QPC: Consumers Have Saved $363M Using Aftermarket Parts

Quality Parts Coalition Says Consumers Have Saved $363M By Using Aftermarket Parts

Coalition briefed House and Senate staff members on the report on Dec. 1st and also emphasized the importance of passing the Promoting Automotive Repair, Trade, and Sales (PARTS) Act of 2015.

The Quality Parts Coalition (QPC) announced it has released a new report it says confirms the significant price gap between OEM and aftermarket collision repair parts. The report revealed that American consumers saved more than $363 million by using aftermarket parts rather than OE parts during the past five years.

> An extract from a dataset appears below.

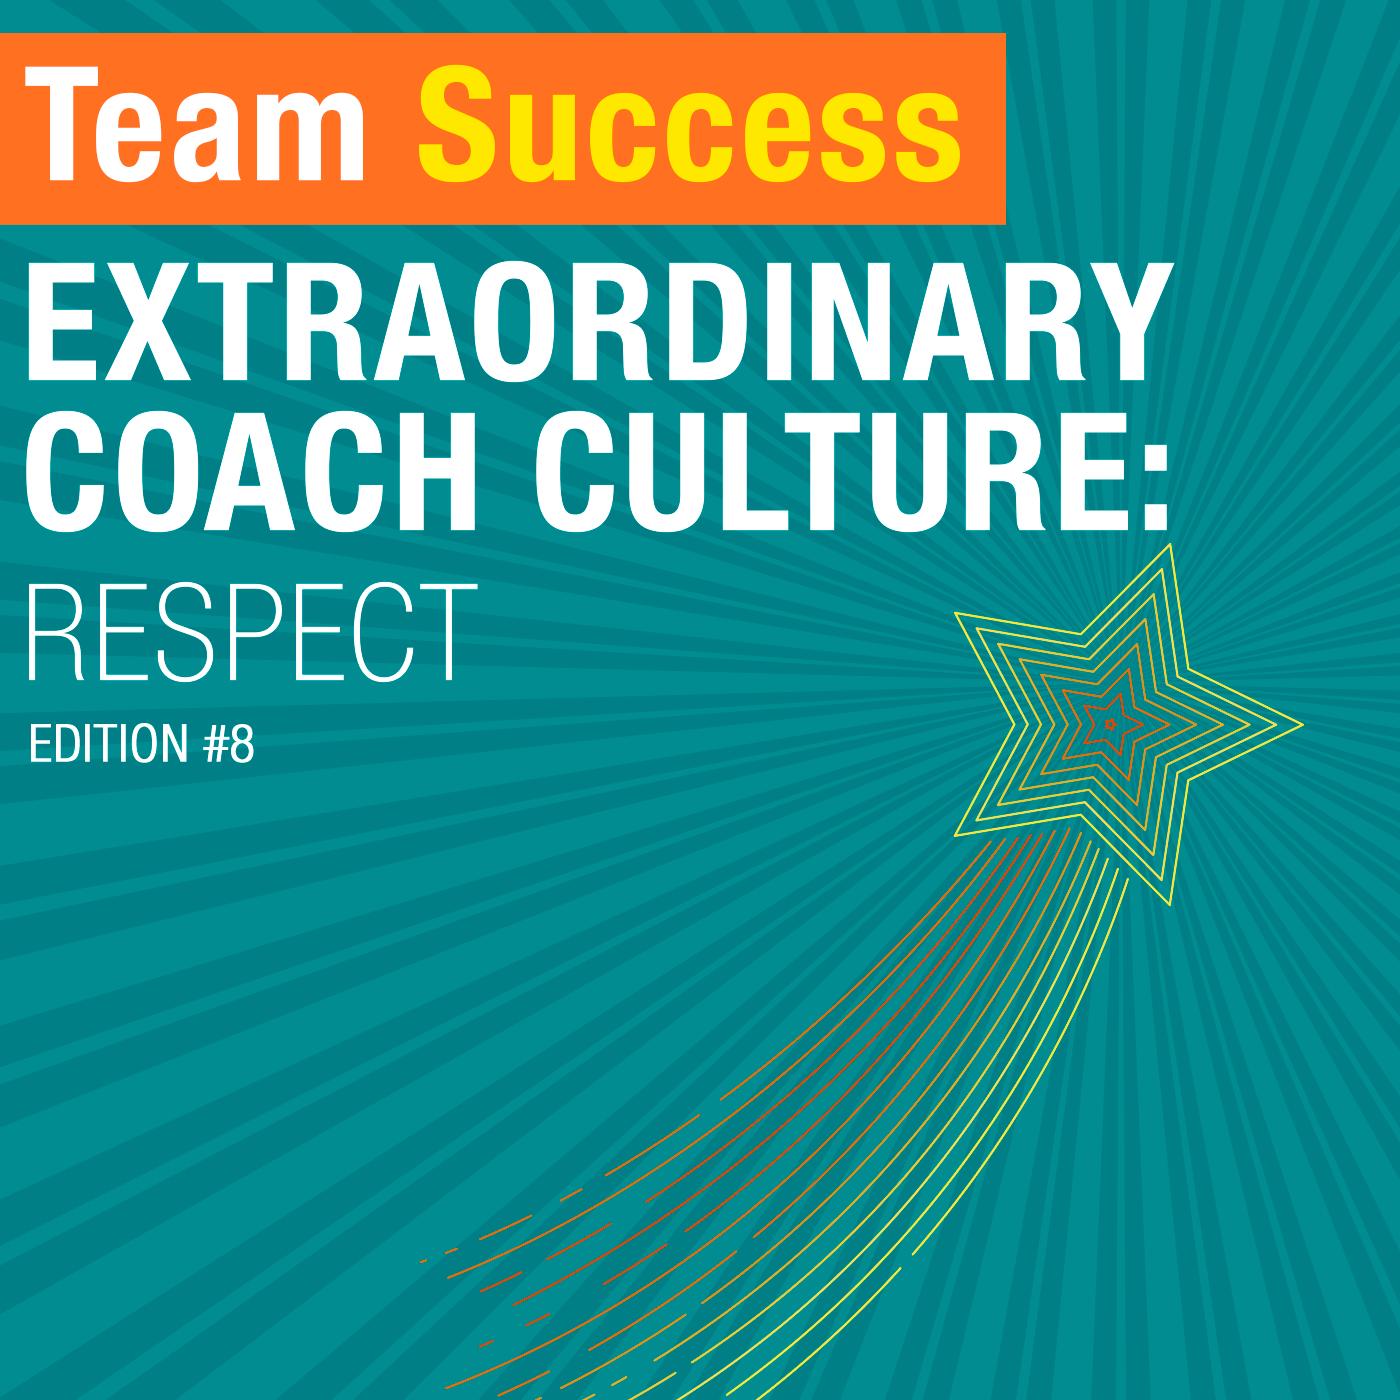 Extraordinary Coach Culture: Respect

The report, titled “Competition Drives Real Consumer Savings in Collision Repair,” examined 100 of the top most commonly sold certified collision repair parts from 2009-2014 using data from the Certified Automotive Parts Association (CAPA). Research showed that the independently-produced certified parts were, on average, 27 percent less expensive than their car company brand counterparts with a cost difference as large as 68 percent or $502.04.

“It’s clear that independent auto parts are driving competition in the auto repair parts market and that consumers are reaping the benefits,” said Ed Salamy, executive director of the QPC. “That’s why it’s important to ensure the industry stays competitive and continues to pass along savings to consumers.”

In recent years, the QPC says automakers have increasingly secured design patents on individual collision repair parts to limit the availability of independently-produced counterparts, forcing consumers to pay car companies more to fix their vehicles.

Bipartisan companion legislation which the QPC claims would fix design patent law to safeguard consumers against price gouging has been introduced in the U.S. House of Representative and the Senate. The QPC states that the Promoting Automotive Repair, Trade, and Sales (PARTS) Act of 2015 (H.R. 1057 and S. 560) would preserve consumer choice for auto collision repair parts and protect more than 60 years of competition that has existed in the collision repair parts market. The QPC claims that if the competition for parts were eliminated, insured loss costs could increase by as much as $1.5 billion.

“Consumers save big when there’s a competitive marketplace,” said Jack Gillis, director of public affairs for the Consumer Federation of America. “Major car companies are trying to disrupt the status quo by limiting competition in order to grow their profits at the expense of the average American.”

QPC hosted an informational briefing on Dec. 1st for House and Senate staff members on the importance of passing the PARTS Act.